The fattest people are those who diet and then cheat slightly. Nothing tastes better then a piece of cake in the middle of a diet, so nothing could have more calories then cake at that moment. So the dieter gets the idea that if he were to begin eating goodies all the time, he'd naturally weigh a ton!

But it doesn't work that way, for if he eats them all the time they don't taste as good and therefore they have way less calories. Believe it or not, even distilled water will make you fat if you wait until you are deathly thirsty to drink it. So the only way to stay thin is to eat only foods that you never could be hungry for.

Or eat so much you are never hungry for anything.

The Trickle-down diet

This diet is to kill the tradition that eating less makes you thin. Talk to thin people and see if one of them keeps himself that way by eating “lightly”. Invariably he will tell you he is eating like a horse because he wants to put on weight. And look for one fat person who got that way by overeating. Invariably these turn out to be the only “light eaters” there are, because they think that will make them thin.

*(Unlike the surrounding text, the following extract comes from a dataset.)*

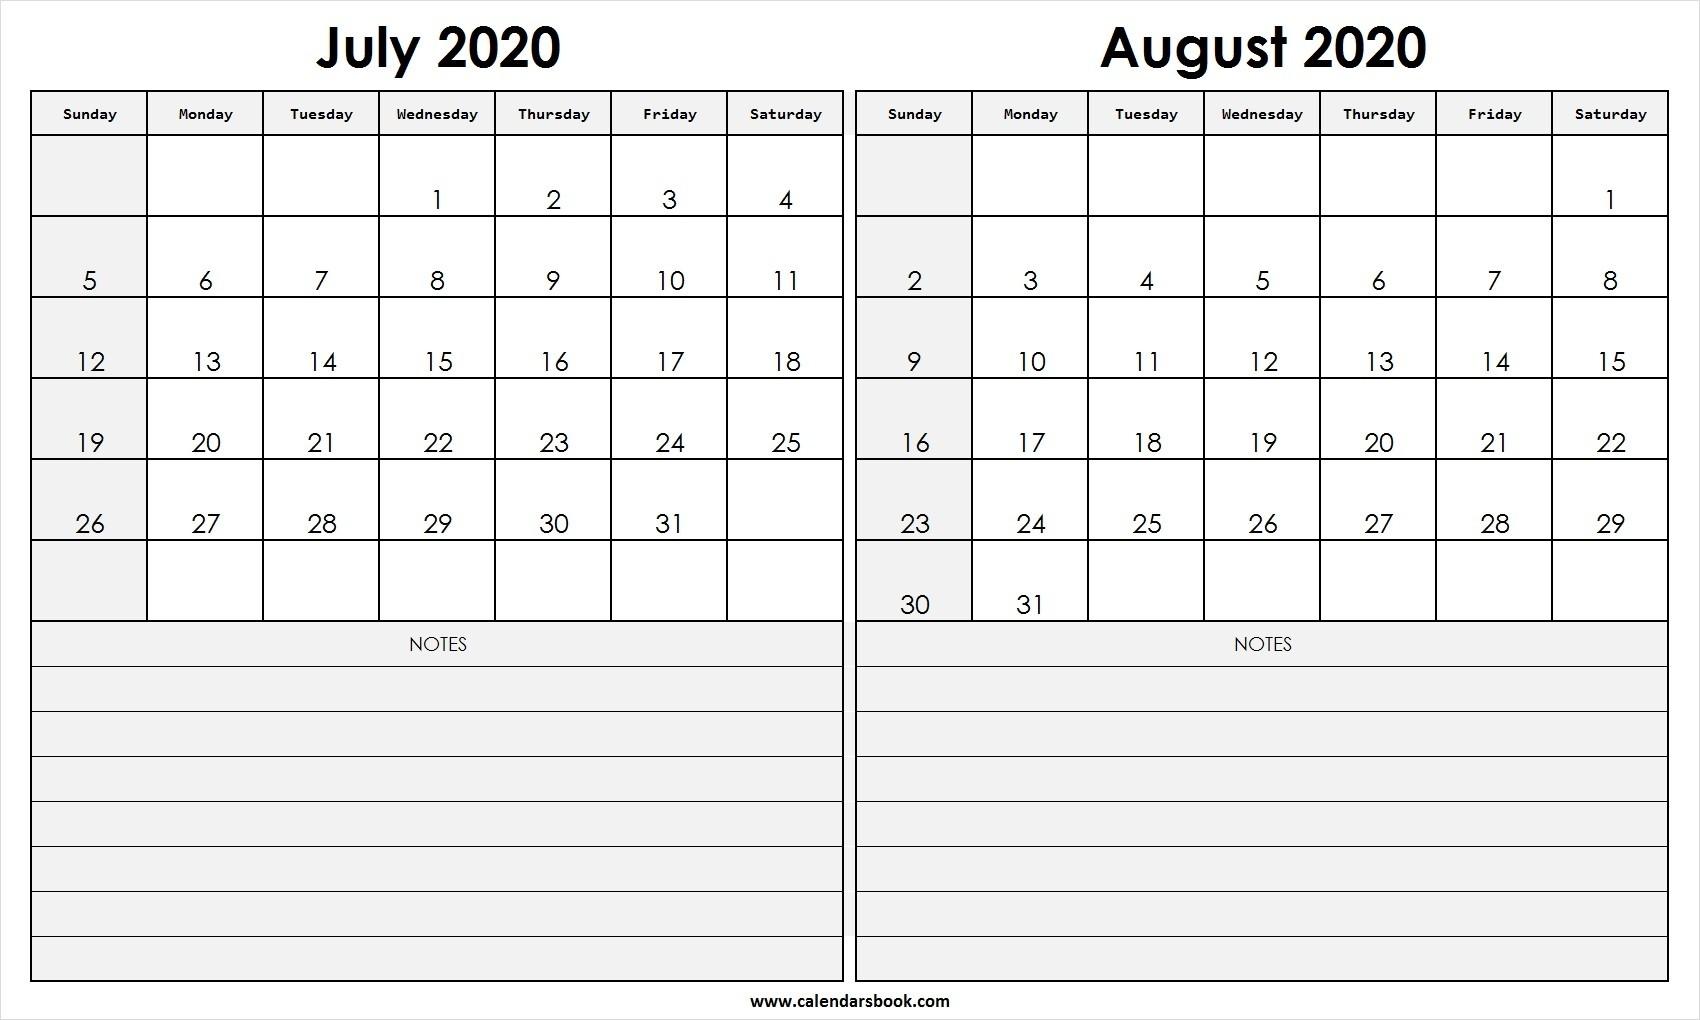 Print July August 2020 Calendar Template | 2 Month Calendar-Printable Monthly Calendar July August 2020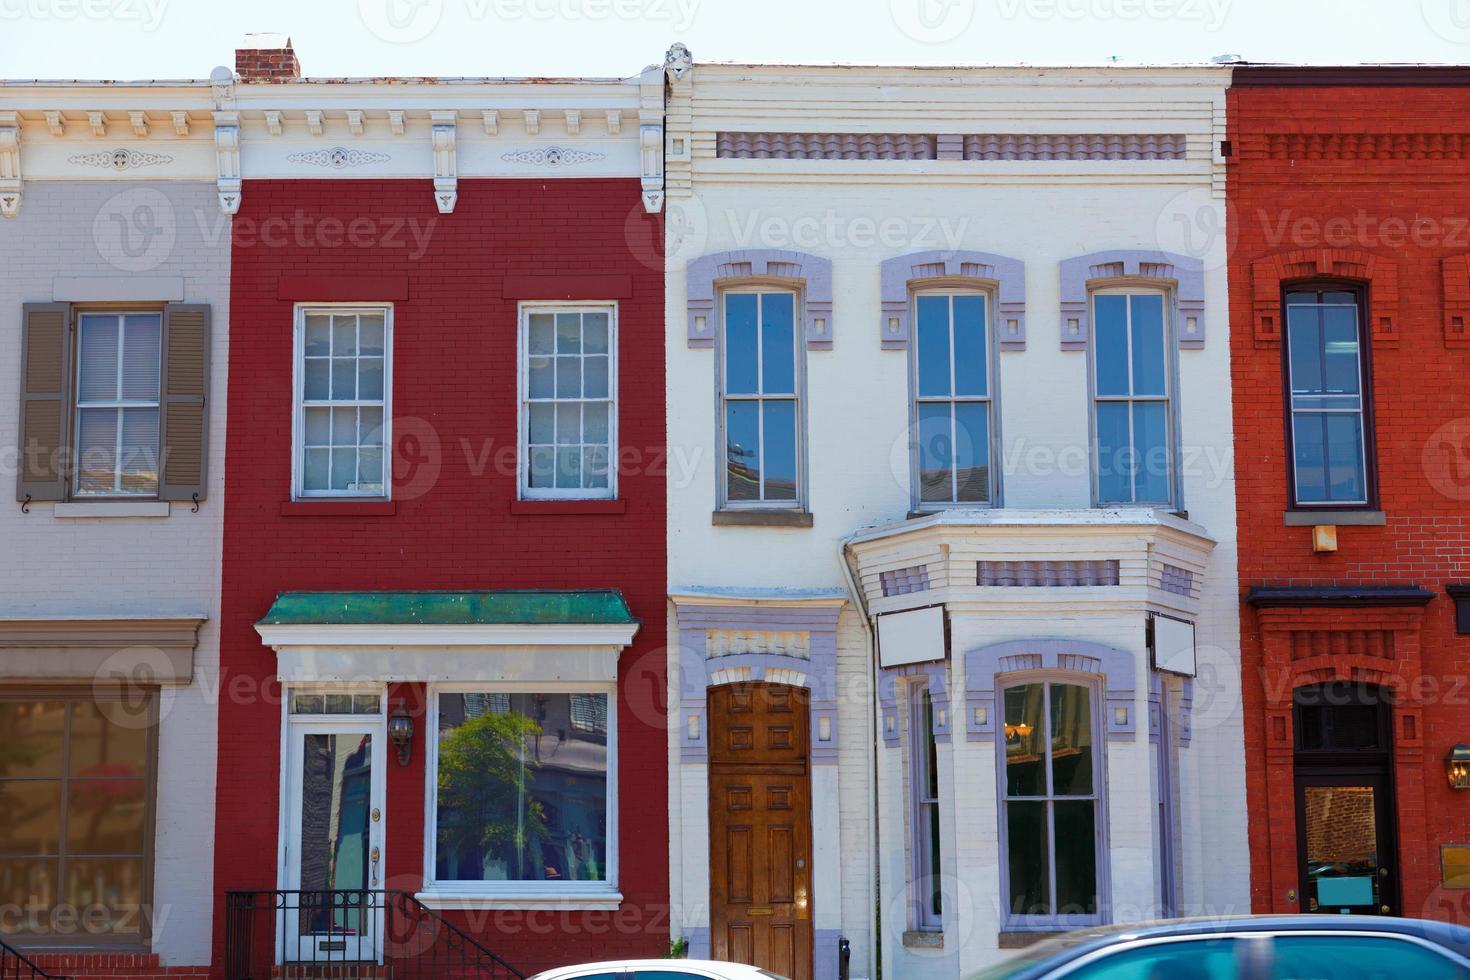 fachadas do distrito histórico de georgetown washington foto

So both thin and fat people are merely proving the simple fact that the secret of thinness is to eat all you can.

If you overeat you get so full you unconsciously cut back at times, and then you lose weight since your body is adjusted to your high intake. If you undereat you get so hungry you unconsciously eat more at times, and then you gain weight since your body is adjusted to your low intake.

It is based on the principle that your body attunes its caloric needs to match the amount you eat the majority of the time. So it isn't the amount you eat but rather the brief variations from this norm that make the difference in your weight. And in the case of the overeater they are bound to be downward, which is what you want.

One well-known application of this principle is the Rotation Diet.

Now you will gain weight when you begin your overeating, and that will begin to level off as your body adjusts to the new intake level, but remember you'll cut back without even noticing it, and it is at those times that your pounds just drop off.

When you are at your desired weight, you can begin to ease down to the most comfortable food intake and stay there. Of course you will lose more weight, but really, does that worry you?

If your weight starts to drift you can always kick it back into place by briefly altering your calorie intake.

The Bicycle Diet

Now don't think this is a treatise on losing weight by burning off calories on a bicycle-riding regimen. On the contrary I want to use the mechanics of the bicycle to illustrate a sort of principle of double psychology. I first got the idea from a motorcycle handbook where it described how to steer. The first step in turning right is to begin turning the handlebar to the left. If anyone has ever ridden two wheels you may remember that this is exactly what you do. Turning the wheel to the left causes the bike to immediately lean to the right. When it does, the gyroscopy of the wheel will make it turn right as well until you are turning at a degree that corresponds to the lean.

Here is the key to getting your body to cooperate with attempts to let go of its fat. Instead of fighting against your increasingly voracious appetite, begin by increasing the amount of food you eat, past the point of satisfaction. Your body will pretty quickly request a cutting down of the food intake, and as it does that you quietly comply. You are in effect shortcircuiting the famine response and making the body feel safer in moderating the amount of food it craves.

The similarity of dieting with riding a bike is especially amusing if you hear someone complaining, “My bicycle doesn't seem to want to turn right. As soon as I turn my handlebar right my bike leans left and I end up going left instead. My bicycle must have left genes.”